In a new research, Credit Suisse assess the demographic (“consumers and workers”) case for emerging markets (EM), arguing that they are “still very relevant and important”. The report provides a demographic perspective focused on fundamentals and argues that from a consumer and worker viewpoint and based on growth potential, emerging economies are still relevant and important for global growth.
“They are important for global companies based on their large potential markets given the emerging middle class consumers and increasingly skilled and educated workers. From an investment perspective too, given the smaller equity and bond markets but higher savings of emerging markets against the need for infrastructure and investments, emerging markets should remain attractive. But this will be subject to caveats of good corporate governance, transparency of investment process, ease of repatriating capital gains or dividends abroad. The role of emerging markets in world trade has increased. While the heterogeneity across emerging markets is high, a globalized world where flow of information, goods, services and people has become easier, more emerging markets are now part of the global economic and investment diáspora”.

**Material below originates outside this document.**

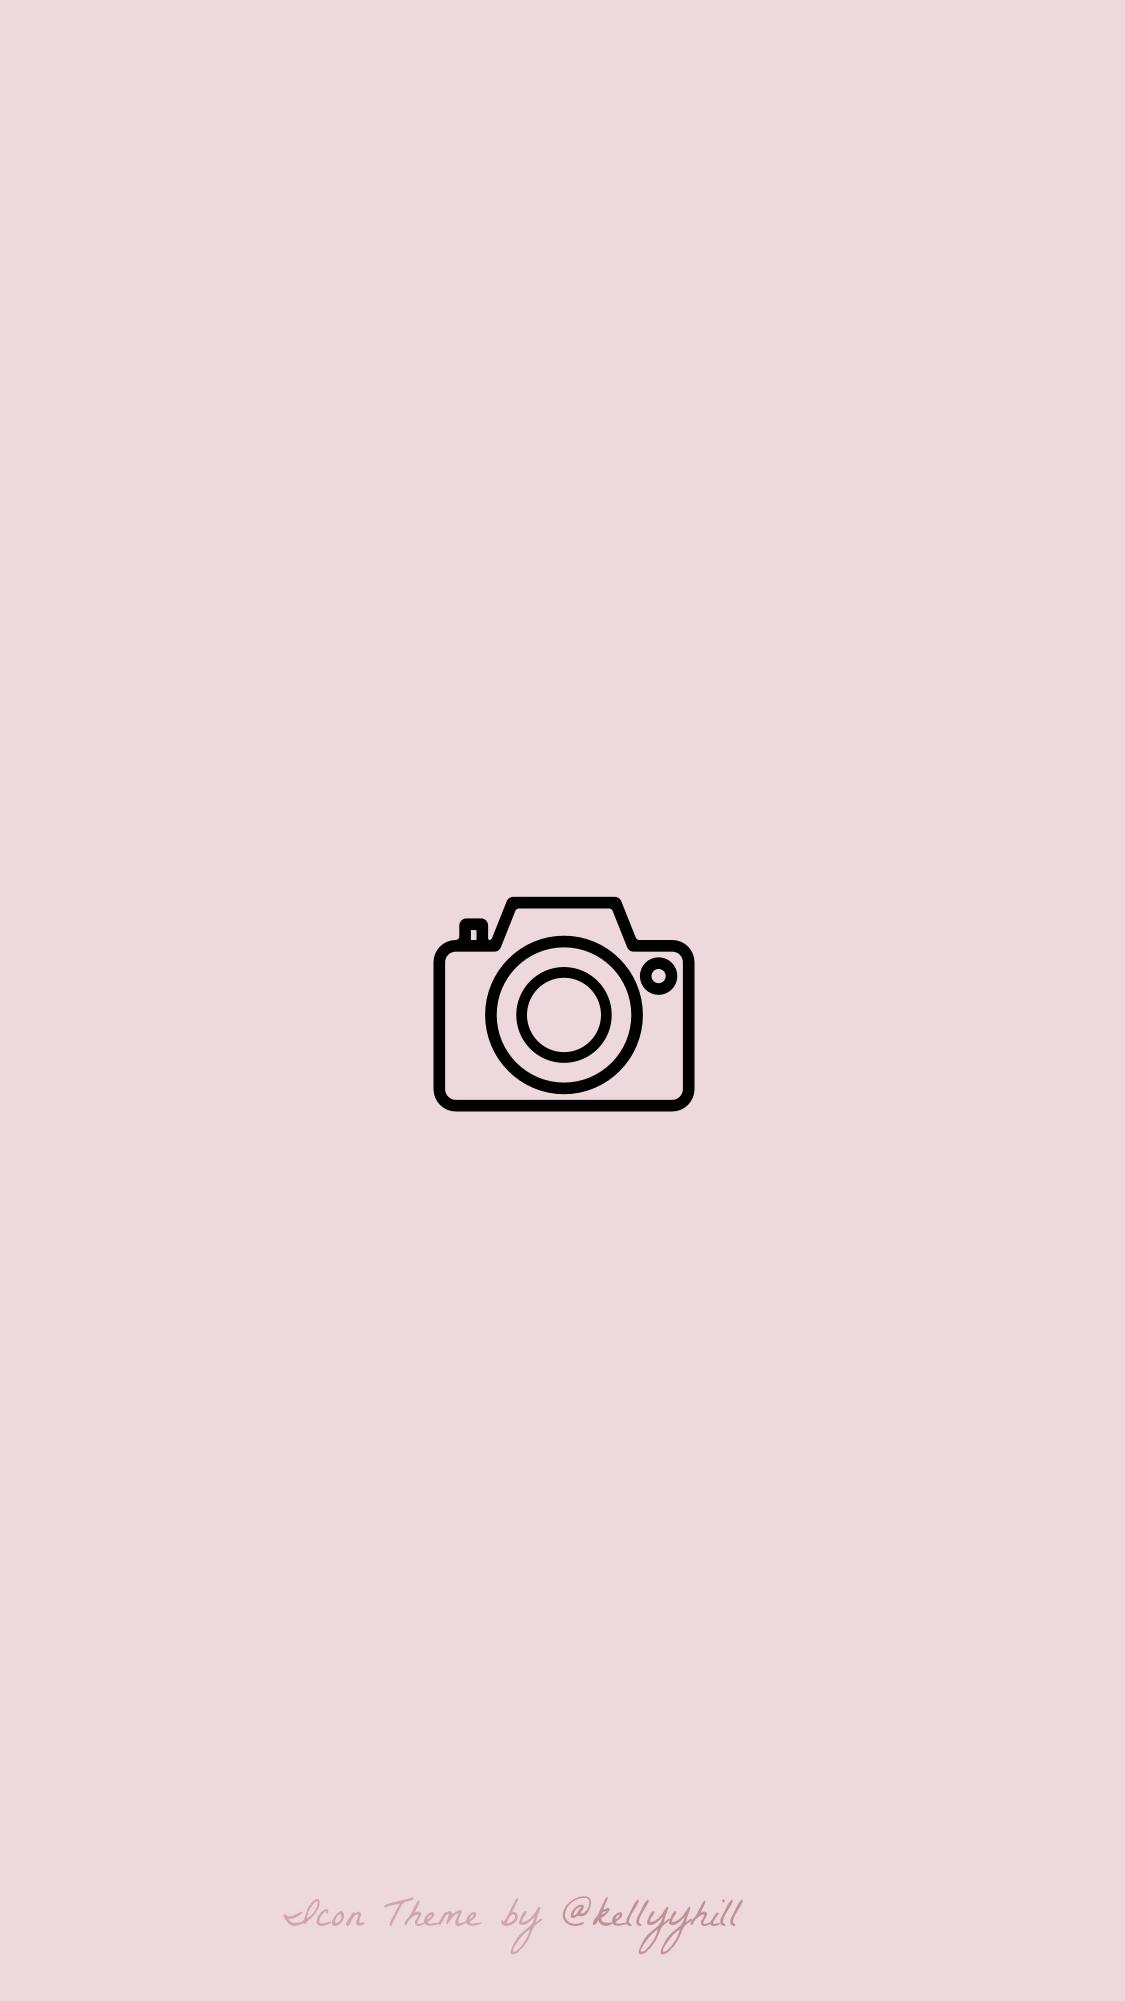 Gambar Highlight Instagram Pink Eye Candy Photograph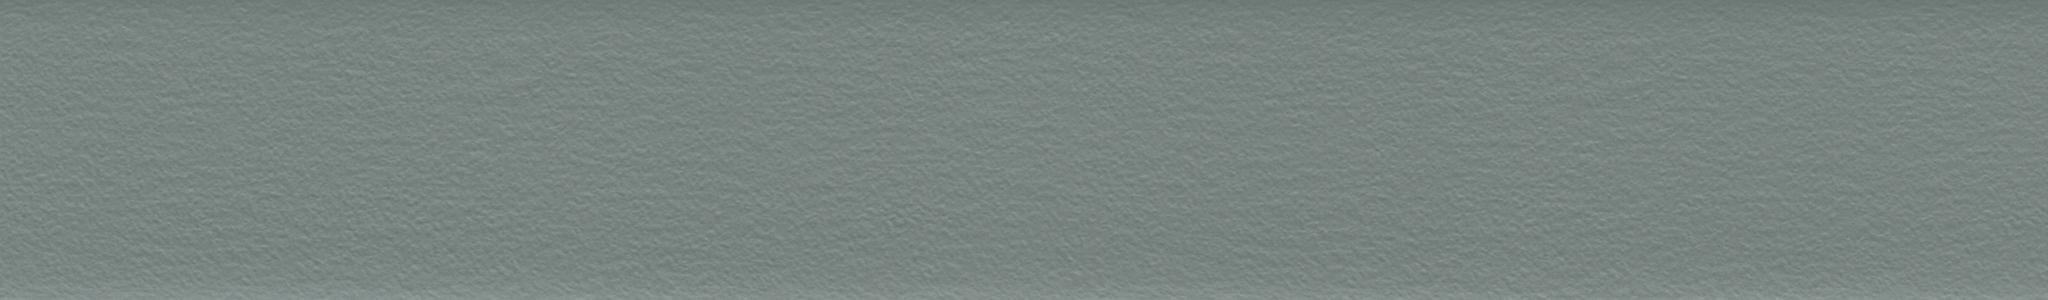 HU 177912 ABS Edge Grey Soft Pearl 107

These are the conclusions:
Emerging economies account for 39% of global GDP in current USD terms, 50.4% of global GDP in PPP terms, 82.5% of global population, 49.6% of global exports and 11.5% of global market cap based on latest available data. The 2013 GDP growth of emerging markets was 3.4% p.a. higher than that of advanced countries. The population growth of developing regions is projected to be 1% higher than that of developed regions in 2010-2015. Their old-age dependency ratio is projected to be 40% of that in developed regions.
Credit Suisse studied 10 emerging market economies: Brazil, China, India, Mexico, Nigeria, Russia, South Africa, Turkey, UAE and Ukraine comparing them to USA, Germany and Japan. China and Nigeria are most promising in terms of GDP growth and GDP per capita growth.
The demographic dividend theory attributes the contribution of demographic factors to GDP per capita growth in two stages. The first stage applies to young emerging economies where youth and human capital skills play a major role. The second stage applies to more developed ageing economies where harnessing of the accumulated savings via well-developed capital markets contributes to growth in GDP per capita.
The potential first stage demographic dividend is still available to young economies like India, Nigeria, South Africa, Turkey and Mexico. They can reap the dividend by increasing education and skills as well as reducing the male vs. female labour force participation gap. The first dividend appears to be over for Brazil, China, Russia and Ukraine and therefore it is essential to have financial markets to capitalize on their savings growth during the second stage – this requires more financial market development.
Financial market development depends on other institutional factors such as law and order, political risk, corporate governance, transparency etc. UAE is the least corrupt, most competitive and easy to do business within our sample but is the least democratic. Ukraine and Nigeria are ranked as most corrupt and least competitive. These institutional factors need to be improved in order to foster financial market development.
The rising middle class in these countries offers great potential for global companies. An increasing share of the middle class is projected to come from emerging markets in the future with China and India projected to overtake the USA in terms of share in global middle class consumption.